BACKGROUND: Studies have shown signal intensity (SI) changes in the brains of children exposed to repeated doses of a gadolinium-based contrast agent (GBCA). HYPOTHESIS: The trajectory of changes in relative dentate nucleus (DN) and globus pallidus (GP) SI in children receiving multiple doses of GBCA will alter when switched from linear to macrocyclic agents. STUDY TYPE: Retrospective longitudinal. POPULATION: Thirty-five children, age range 0.5-17.0 years, undergoing brain tumor follow-up between 2006 and 2017. FIELD STRENGTH/SEQUENCE: Unenhanced T1 WI, serial scans at both 1.5T and 3T. ASSESSMENT: Regions of interest were drawn on DN, GP, and SIs normalized to middle cerebellar peduncle (DN/MCP) and cerebral white matter (GP/CWM), respectively.

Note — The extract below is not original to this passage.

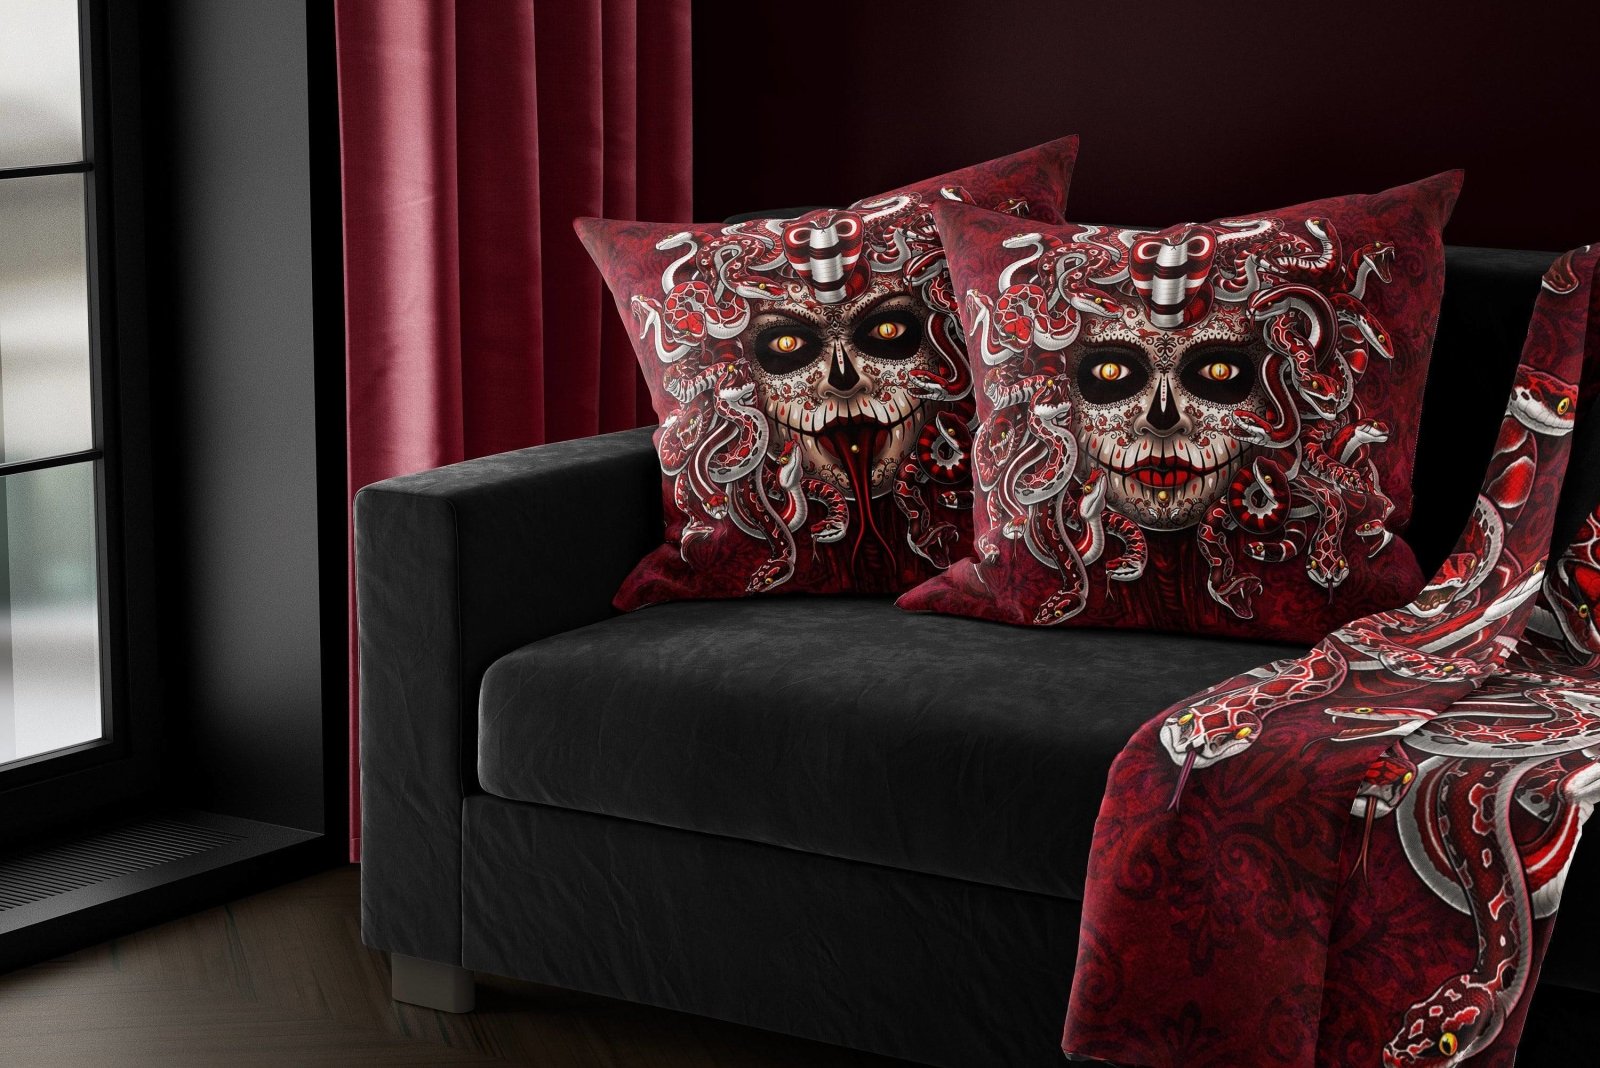 Catrina Throw Pillow, Decorative Accent Cushion, Medusa, Dia de los Muertos Decor, Day of the Dead, Mexican Art, Alternative Home - Mock, Red Snakes - Abysm Internal

A change in SI ratios as a function of dose (slope gradient) calculated according to the type of contrast agent received: linear only, macrocyclic only, or switchover from linear to macrocyclic. For the latter, gradients were compared before and after switchover. The effect of anticancer treatment on slope gradient was tested. STATISTICAL TESTS: One-sample t-test or Mann-Whitney U-test for slope gradients differing from zero. Independent samples t-tests to compare slope gradient groups. Paired sample t-tests to compare slope gradients before and after switchover. RESULTS: A significant (P < 0.05) increase in SI ratio was observed following multiple doses of linear but not macrocyclic agents: mean percentage increase per dose in SI was 0.063% vs. -0.034% for DN/MCP, and 0.078% vs. 0.004% for GP/CWM ratios. A significant (P < 0.05) change of SI trajectory in the DN/MCP ratio was demonstrated when switching from a linear to macrocyclic agent. There was no difference in SI trajectory between patients who had anticancer therapies and those who did not, DN/MCP P = 0.740; GP/BWM P = 0.694. DATA CONCLUSION: Switching from linear to macrocyclic gadolinium-based contrast agents seems to halt the relative T1 signal increase in deep gray matter in children. Anticancer treatments appeared to have no impact on the trajectory of T1 SI. LEVEL OF EVIDENCE: 4 Technical Efficacy: Stage 3 J. Magn. Reson. Imaging 2020;51:288-295.